General characteristics
- Class & type: Fletcher-class destroyer
- Displacement: 2,325 tons (standard); 2,924 tons (full load);
- Length: 369 ft 1 in (112.50 m) waterline; 376 ft 5 in (114.73 m) oa;
- Beam: 39 ft 7 in (12.07 m)
- Draft: 13 ft 9 in (4.19 m) (full load)
- Propulsion: 60,000 shp (45,000 kW); experimental high pressure boilers; 2 geared steam turbines; 2 screws
- Speed: 35 knots (65 km/h; 40 mph)
- Range: 6,500 nmi (12,000 km) at 15 kt
- Complement: 70
- Armament: 5 × 5 inch (127 mm)/38 caliber guns; 1 × quad 1.1-inch (28 mm) autocannon mount; 4 × 20 mm guns; 10 × 21 inch (533 mm) torpedo tubes;
- Armor: Side: 0.75 inch (19 mm); Deck over machinery: 0.5 inch (12.7 mm);

= USS Percival (DD-452) =

Canceled Fletcher-class destroyer

USS Percival (DD-452) was an experimental United States Navy destroyer who was never laid down and cancelled in 1946.

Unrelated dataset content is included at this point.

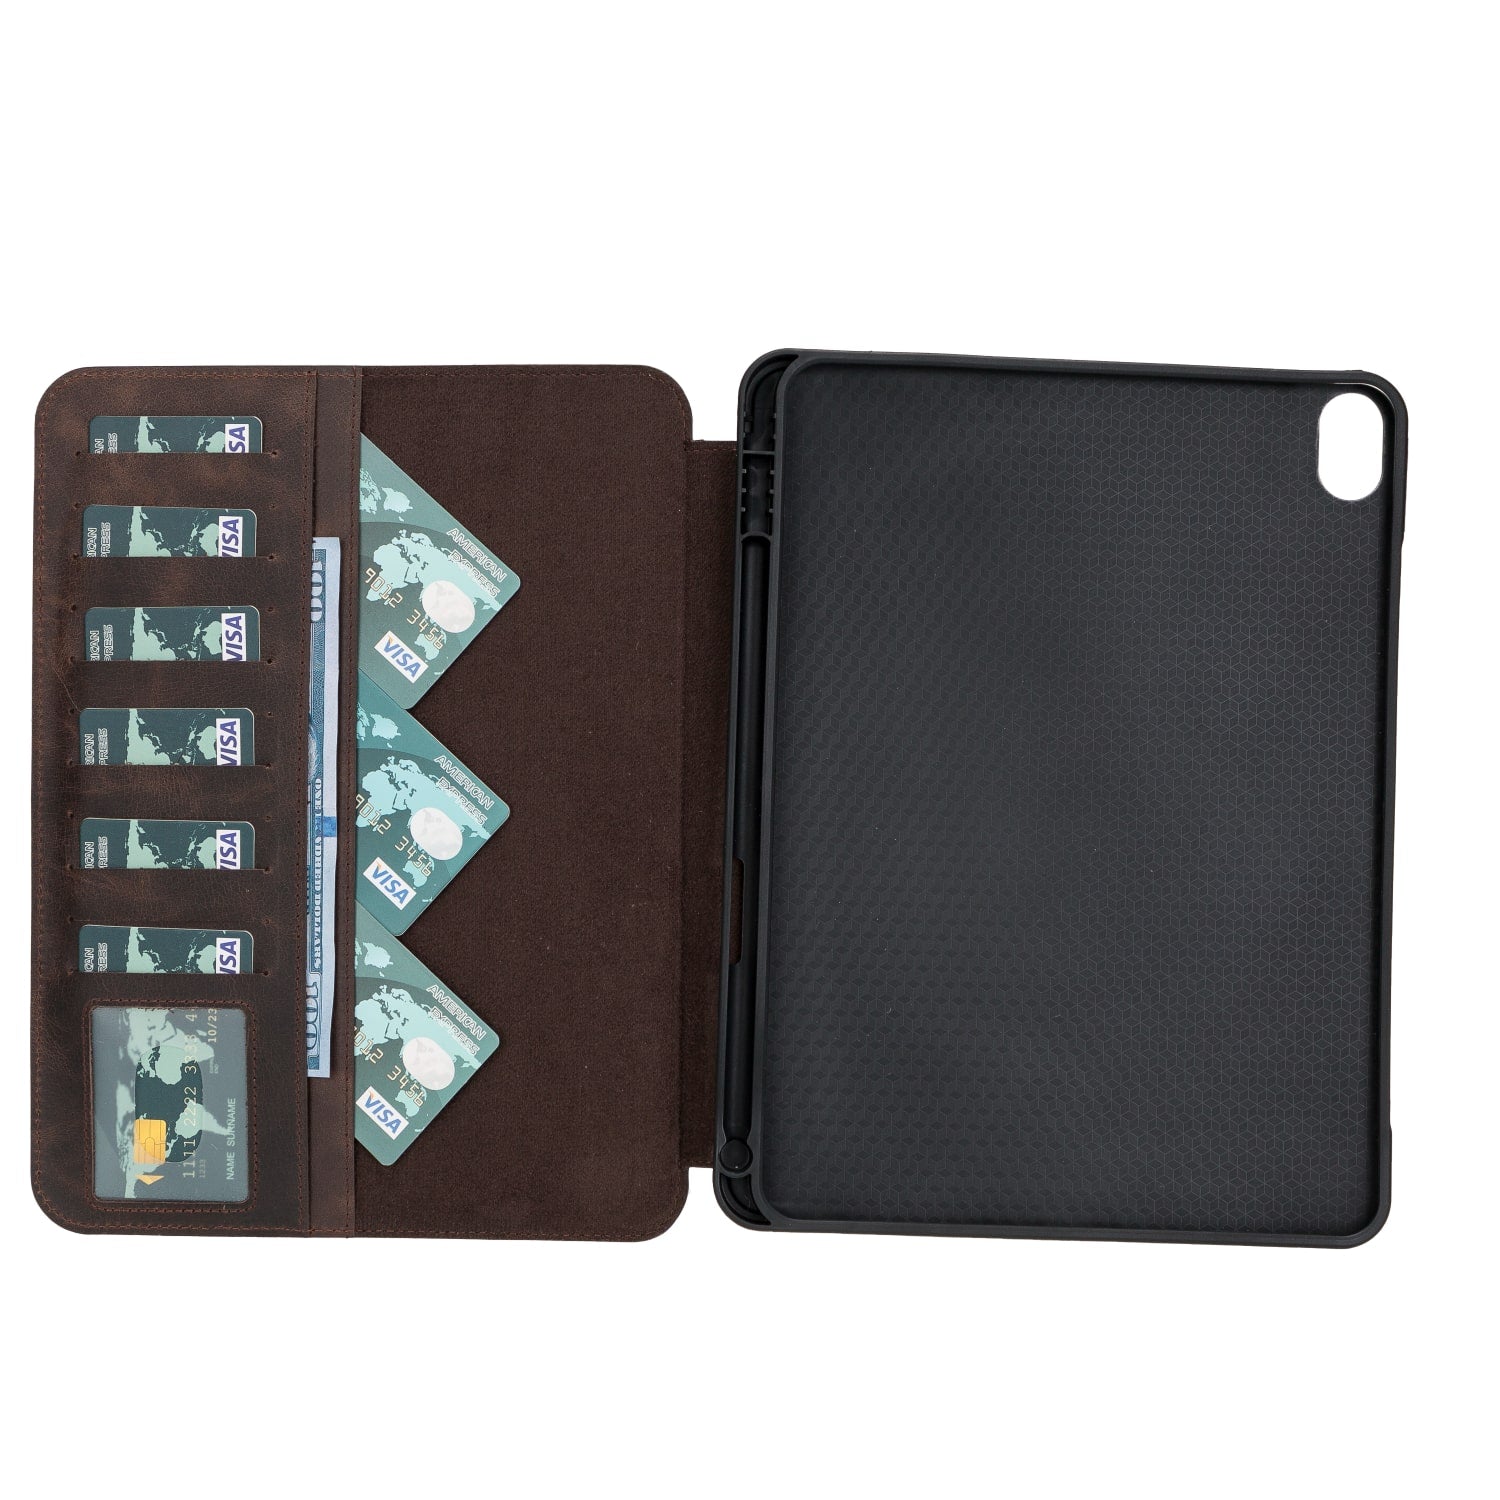 Tan Brown Leather iPad Air 10.9 Inc Smart Folio Case with Apple Pen Holder - Bomonti - 2

Percival and sistership Watson were planned to be a variation of the , with Percival fitted with an experimental high-pressure boiler system and Watson designed to run on diesel engines, compared to the standard design of 4 oil-burning boilers.

She was contracted out to Federal Shipbuilding on 1 July 1940. Like her sistership, more pressing matters delayed their construction and were both canceled on 7 January 1946. After cancelation, her novel machinery was installed in USS Timmerman, a modified Gearing-class destroyer, for testing. Timmerman was able to produce 100,000 shaft horsepower (shp) and a top speed of about 40 knots compared to a standard output of 60,000 shp.